This is what can happen when your joints aren’t marked somehow. This stool I made back in the 1990s, but it could have happened yesterday. It still holds me up off the floor, but…
These days I mostly use a chisel, gouge or sometimes an awl to identify which tenon goes in which mortise.
It’s good practice to help keep things straight. Here’s a chest of drawers in an article I did years ago with Trent & Alan Miller, showing the chisel-cut ID marks to identify which drawer is which. (this one I got off Chipstone’s website, photo by Gavin Ashworth)
This stuff goes on & on, you see it in house frames too. I keep planning on getting out a series of photos showing this sort of thing. There’s lots of arrangements, and sometimes you can’t make heads nor tails out of them. But the principal is the same – keep track of your joints, people.

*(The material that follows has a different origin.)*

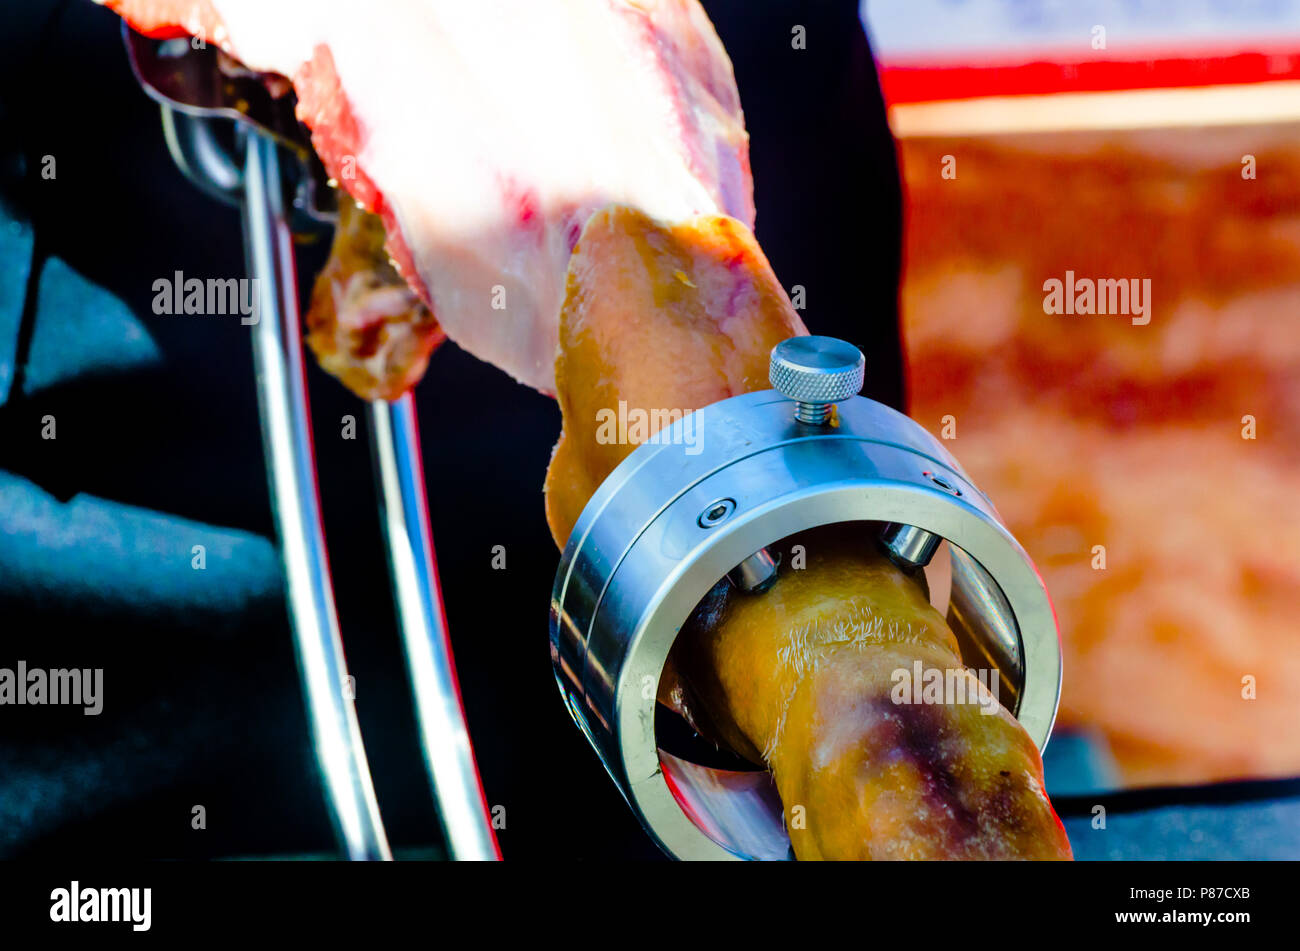 leg jamon serrano prepared for slicing, traditional Spanish ham, meat - Stock Image

I once forged a 15th century arm harness (arm-armour).
Then I built the other.
Unfortunately my client actually had symmetrical but opposing limbs, left and right.
So there is still another left arm harness in my shop, as I hope for a one armed client to come by.
Very timely. I assembled a dovetailed carcass yesterday. Was about to close a joint when I looked at my marks and realized I had a piece upside down.
I do love seeing pictures of woodworking mistakes from professionals. Reminds me to back off when striving for perfection in woodworking rather than woodworking.